John Martin Galese of Galese & Moore, Birmingham, for respondents H.E. Holladay, Circuit Judge, and Jim Skinner Ford, Inc.

Walter J. Sears III and Sid J. Trant of Bradley, Arant, Rose & White, Birmingham, for respondent Ford Motor Co.

Stephen A. Rowe of Lange, Simpson, Robinson & Somerville, Birmingham, for respondent First Alabama Bank of Birmingham.

PER CURIAM.

Jack D. Warren and Juanita Warren petitioned this Court for a writ of mandamus directed to the Honorable H.E. Holladay of the Circuit Court for St. Clair County, Alabama. The writ is due to be granted.

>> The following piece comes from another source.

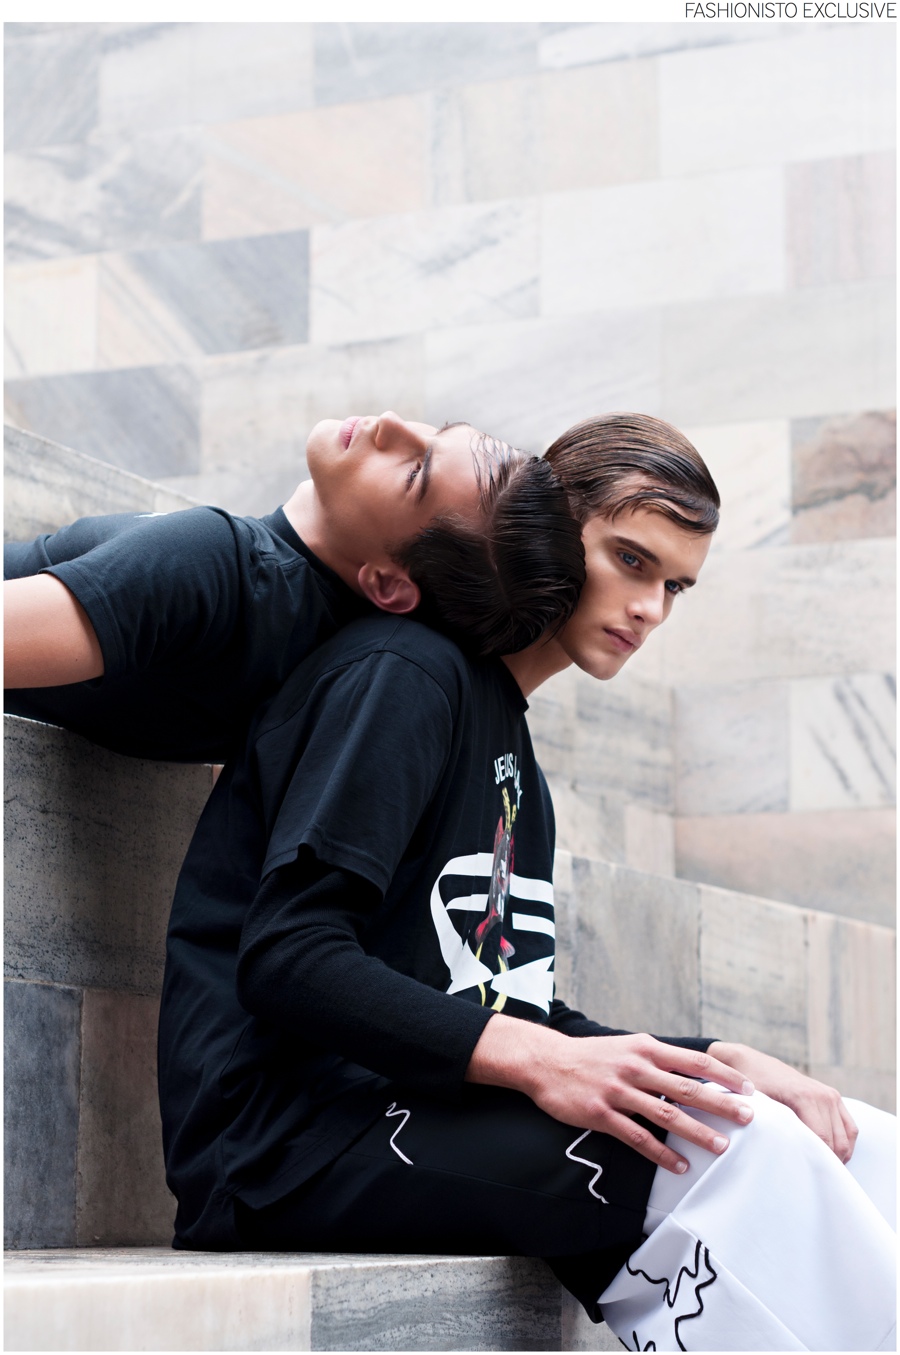 Left to Right:  Stanislaw wears t-shirt Riccardo Tisci for NIKE. Riccardo wears shirt Givenchy by Riccardo Tisci and pants Johnny Valter Vi.

On May 27, 1987, the Warrens, residents of St. Clair County, purchased a vehicle from Jim Skinner Ford, Inc. ("Jim Skinner"), a corporation organized in the State of Delaware and having its sole place of business in Jefferson County, Alabama. The sale of the vehicle was solicited, transacted, and executed wholly within the State of Alabama. The sales contract contained an arbitration clause, which is set out here verbatim:

"F. The undersigned purchaser and Jim Skinner Ford Inc. further agree as follows
"1. That the motor vehicle described in this sale document has been heretofore traveling in interstate commerce and has an impact upon interstate commerce.
"2. That in the event any dispute(s) under the terms of this contract of sale arise (including but not limited to the terms of the agreement, the condition of the motor vehicle sold, the conformity of the motor vehicle sold, to the contract, the representations, promises, undertakings or covenants made by Jim Skinner Ford, Inc., in connection with the sale of the motor vehicle, or otherwise dealing with the motor vehicle, any terms of financing in connection therewith, or any terms of any credit life and/or disability insurance purchased simultaneously herewith, or extended service or maintenance agreements), that Jim Skinner Ford Inc. and the purchaser agree to submit such dispute(s) to binding arbitration, pursuant to the provisions of 9 USC § 1, et seq. and according to the commercial rules of the American Arbitration *159 Association then existing in Birmingham, Alabama."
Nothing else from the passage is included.